Nothing unusual here, I suppose. Feeling hopelessly rootless, feeling "at home" in many places, but don't feel I "belong," any place. Just a piece of fluff floating around and getting stuck here and there. Now there's an image for you. Maybe I'll be one of those dandelion thingies. Only I won't procreate like they do all over everybody's lawn. Finished with that. Three kids three continents was my limit.

And from the Netherlands I want "advokaat" an egg liqueur that is like highly alcoholic pudding. Man, that's dessert, with whipped cream of course.

Miss Footloose, stuck right now, and not belonging, hoping to be floating again soon.

www.lifeintheexpatlane.blogspot.com
Tales of the Globetrotting Life

Cyndy said...

Wait until you visit Cowtownburgsville in PA. Then you will be really confused and never want to leave! : )

As to BP CDs, please consider it done. I just have to make evaluation copies for me, VEG and OP first as we embark upon our journey to become CW fans. We are, at the very least, looking forward to the boots!

So, e-mail me the titles (don't make me go looking in older posts) and your address. Perhaps a bag of that SB stuff could make it into the box, as well, so long as you think the custom guys would not want it more...

Happy days!

An Open Heart said...

Looks like the BP music got covered.....I have several....if Cyndy doesn't have one you want...I'll burn mine for you!

S

CrazyCris said...

It might be just a "phrase", but I think "Home is where your heart is" is sooo right!

And if your heart changes locations every so often... then so does your home! :o)

Lisa-Marie said...

Home is wherever you feel most like yourself I think. I'm glad you feel at home In the land in which you live!

caroldiane said...

I love that you bring all of who you are to whatever piece of the world you are in - no wonder you have friends arriving from all over the globe! I consider myself privileged that I get to be part of your life and get to laugh with you when I read your blog and giggle inappropriately later in the day when I think of something you wrote (silent green bathrobe... see, it works!!!)

Ph.D. Mommy said...

4.410.000.000 hits on home according to (my) Google

Ellie said...

We're all a little hung up on this notion of home, huh?

Tina said...

Hi, I was afloat in the world once and now feel like I'm harboured safely at home. My travel makes for good stories but I'm glad to be back. I'm Irish though and the Irish are melancholy for home when they're away. Are you having trouble finishing a novel? I have had that trouble for years and finally broke the block this summer. Not sure how, maybe upcoming notable birthday!

Kaotic said...

And while the rest of the world pen sensible answers to the crux of this post, I just wanted to say that I loved the title of the distracting aside..."The Silence of the Green Bathrobe and Other Adventures"...I'd read that...like anytime...but I need an end!:-)

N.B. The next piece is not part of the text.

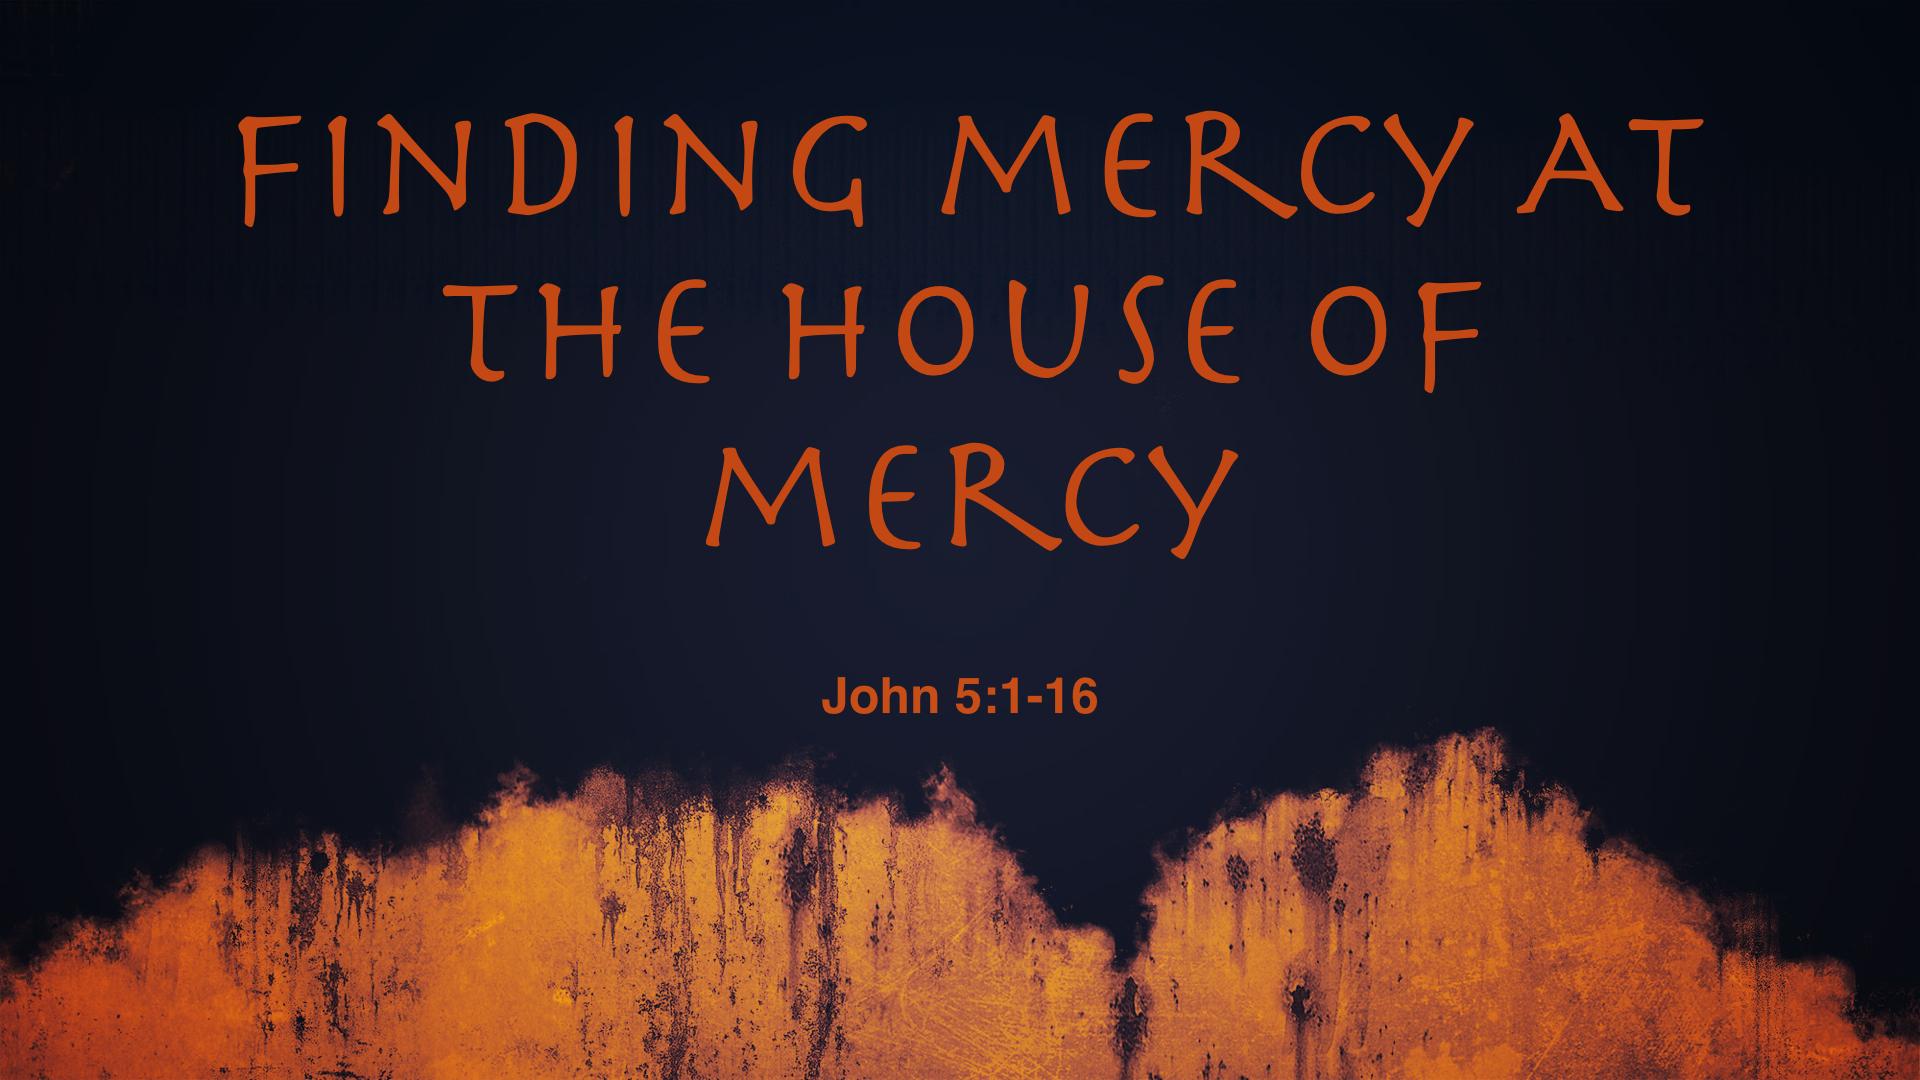 Finding Mercy Photo.jpg.001

It brought back memories of the time a friend asked me to tell her a story....I was sleepy, saw an open window, and so began "The Mystery of the Hanging Windows"....s story with a beginning, middle, and nooooo end...I fell asleep...and the next morning, my brain just wasn't in the mood!

Zara from Paris said...

Yup, home and home country... tricky. Can you have your home in a country that's not your home country? Meaning in the worst / best case you have home trips both ways when travelling. If you have a home and a home country that is.

And about "no bottles needed", thanks for the tip, remains to be seen if taken into consideration.